* [The task]: Take the data below and extract the lines from the one with "Vertical cross-section of" to the one with "Bowls of Mexican", inclusive, exactly as written.

* [Supplied data]:
_ _ _ _

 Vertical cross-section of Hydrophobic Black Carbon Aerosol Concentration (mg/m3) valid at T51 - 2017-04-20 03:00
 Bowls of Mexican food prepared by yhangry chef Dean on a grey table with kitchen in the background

_ _ _ _

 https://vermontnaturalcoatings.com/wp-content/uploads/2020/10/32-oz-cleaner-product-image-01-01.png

_ _ _ _

* [Written reply]:
 Vertical cross-section of Hydrophobic Black Carbon Aerosol Concentration (mg/m3) valid at T51 - 2017-04-20 03:00
 Bowls of Mexican food prepared by yhangry chef Dean on a grey table with kitchen in the background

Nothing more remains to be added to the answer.